According to the above scheme, further, as shown in fig. 2, a schematic diagram of a logic diagram of a recursive and cyclic algorithm is shown in a specific embodiment, and the cyclic recursive algorithm specifically includes the following steps:

s31: defining a class of Atom types, which has two types defined as Tag and text;

s32: defining Segment content in the Segment list as text of Atom, and defining label of Segment as label Tag of Atom;

s33: the algorithm circularly reads each Atom and judges whether the Atom is put into a text pool or not according to the type of the Atom;

s34: and (3) corresponding each Atom in the text pool to the Tag of the Atom to finally form a new HTML sub-Tag set with id mapping.

In a specific embodiment, the Atom class is a custom class and is not an original class.

According to the above scheme, further, each Segment is composed of one or more Atom.

In a specific embodiment, the sub-Tag of the HTML is formed by a Tag of Atom.

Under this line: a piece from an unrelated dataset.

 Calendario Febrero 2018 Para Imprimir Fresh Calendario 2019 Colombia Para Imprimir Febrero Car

According to the above scheme, further, the linkage between the Segment segments and the HTML is implemented by embedding the Atom Tag into the HTML sub-Tag, as shown in fig. 6, so as to realize that the translated content of the sentence 1 can be displayed in the HTML webpage in real time, we need to locate the first span Tag under the p Tag of the above figure. The simplest approach is to say transUnitId embedding in the tag.

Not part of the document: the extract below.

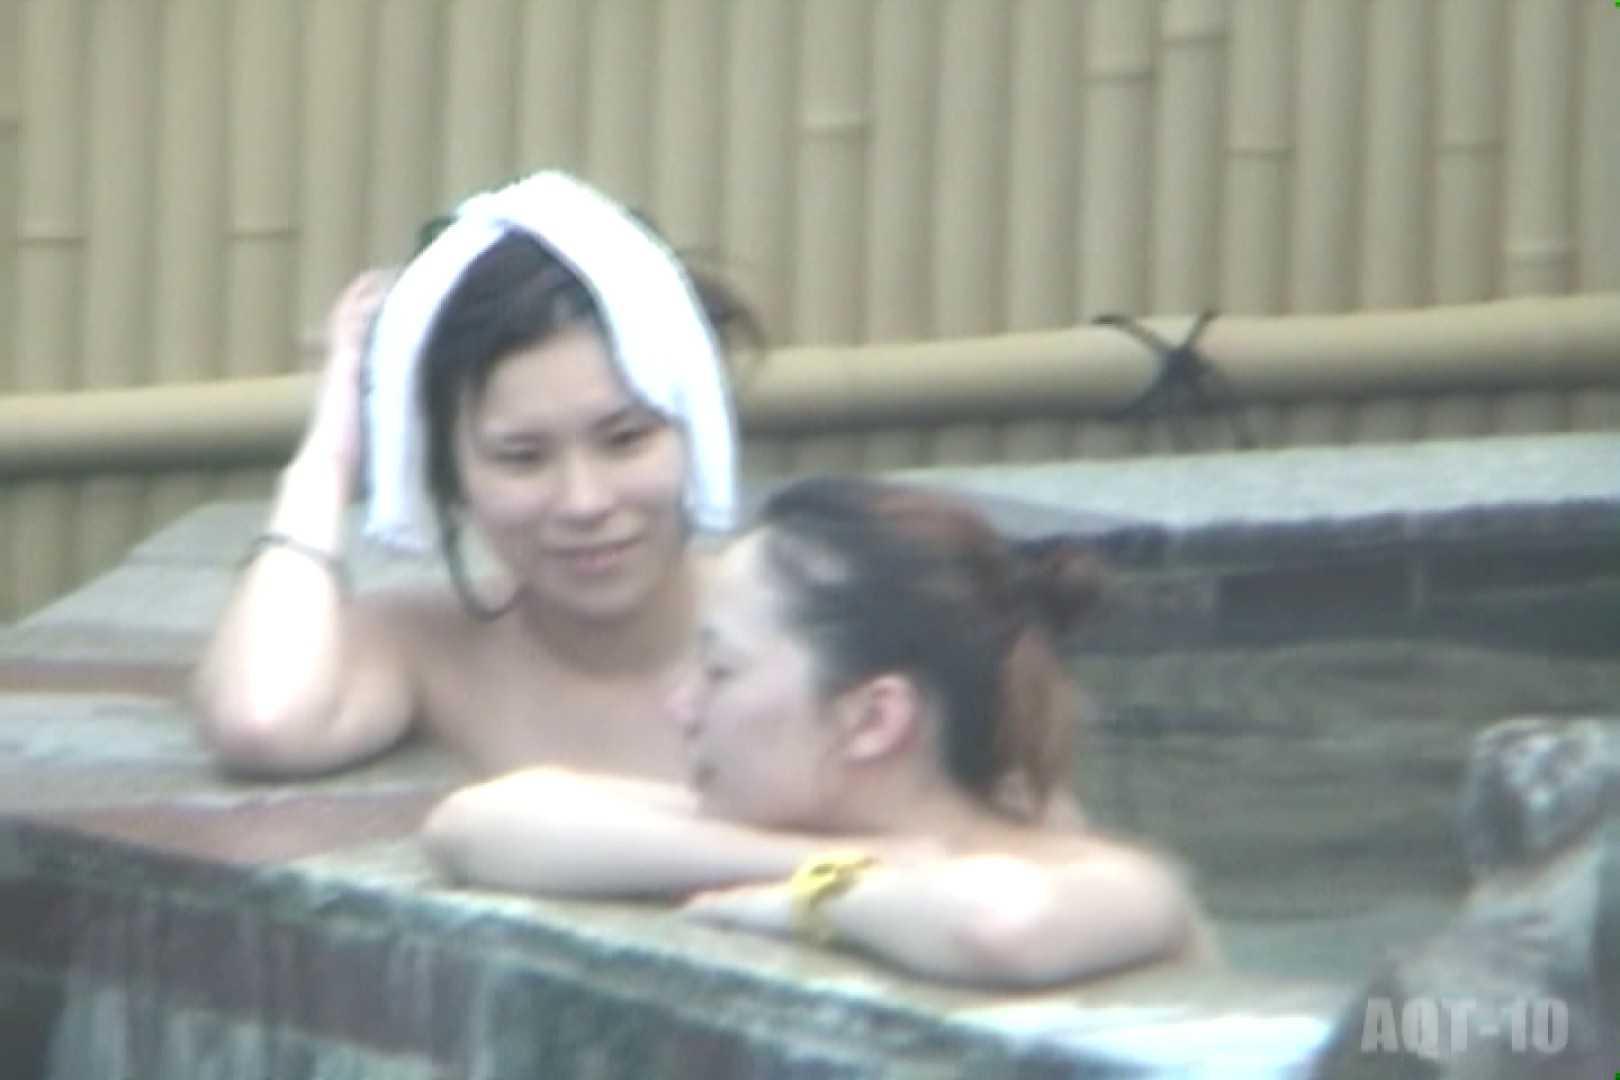 Aquaな露天風呂Vol.792 盗撮   HなOL  103pic 74

The method for previewing the translation in real time in the online auxiliary translation can render the translation in the auxiliary translation into the browser in real time for the translator to check and reference, greatly saves the translation time, and has very obvious efficiency improvement. As shown in FIG. 7, when translating the 181 th sentence, the translator can see the effect of the translated sentence in the translated text in real time.

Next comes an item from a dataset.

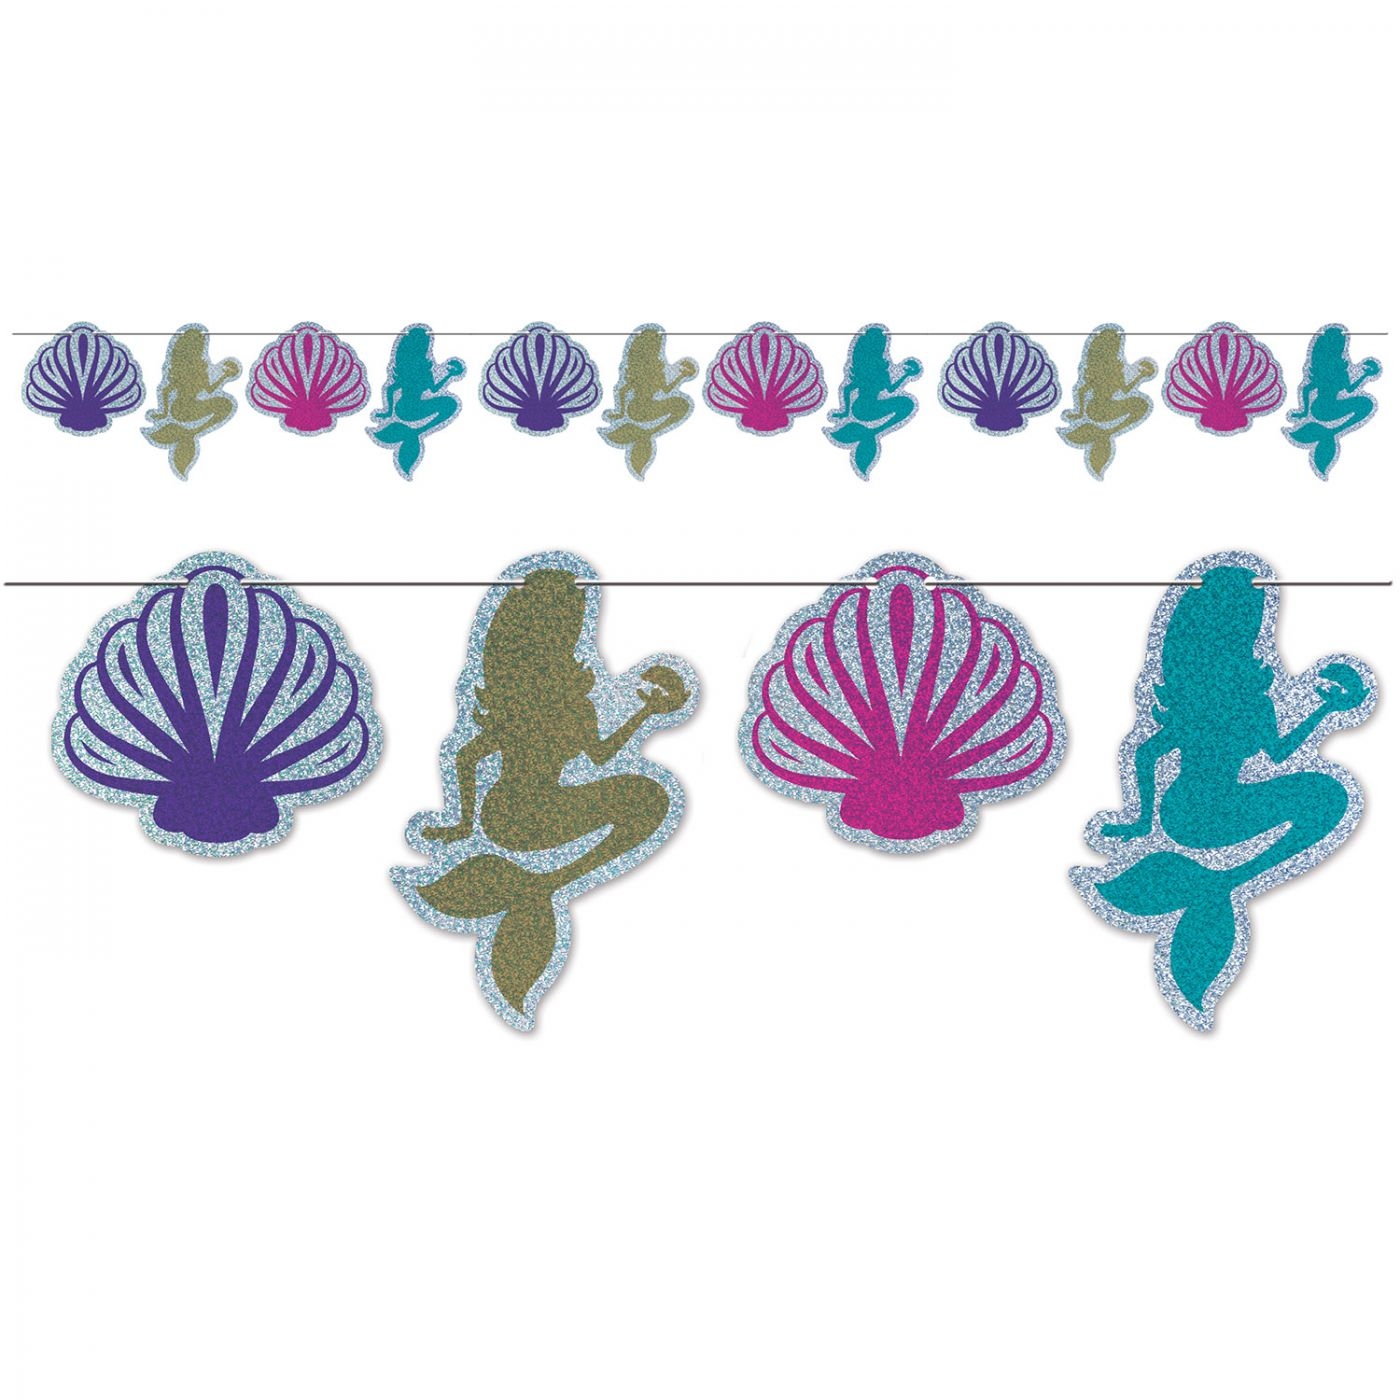 Mermaid & Seashell Streamer image

The invention provides an algorithm, which can render the translation in the auxiliary translation into a browser in real time for the translator to check and reference, thereby greatly saving the translation time and improving the efficiency obviously.

It is to be understood that the invention is not limited to the arrangements and instrumentality shown in the drawings and described above, and that various modifications and changes may be made without departing from the scope thereof. The scope of the invention is limited only by the appended claims.

Claims

1. A real-time translation preview method for online assisted translation is characterized by comprising the following steps:

converting the original text file into an HTML format;

analyzing the original text and dividing the original text into sentence Segment arrays divided by sentences; the method comprises the following steps: dividing the clause into sentence Segment segments divided according to sentences as words, phrases or sentences; the Segment array is a Segment list, and the text content and the corresponding text labels of the Segment are recorded;

the linkage between the sentence Segment and the HTML is realized through the dom node of the HTML, so that the effect of previewing the translation in real time is achieved;

the cyclic recursion algorithm comprises the following steps:

defining a class of Atom types, which has two types defined as Tag and text; class Atom is a custom class;

each Atom in the text pool corresponds to the Tag of the Atom to finally form a new HTML sub-Tag set with id mapping;

wherein each Segment is composed of one or more Atom; the sub-Tag of the HTML is composed of Tag of an Atom;

the linkage method between the sentence Segment and the HTML comprises the following steps: the Tag of Atom is embedded into the HTML sub-Tag.

2. The method for real-time translation preview of online assisted translation according to claim 1, wherein said original document format is doc, docx, rtf, xls, xlsx, ppt, pptx, pdf, sxw, stw, sxc, stc.

3. The method for real-time translation preview of online assisted translation according to claim 2, wherein the converting the original document into HTML format is by using a word's own conversion function or other third party tools.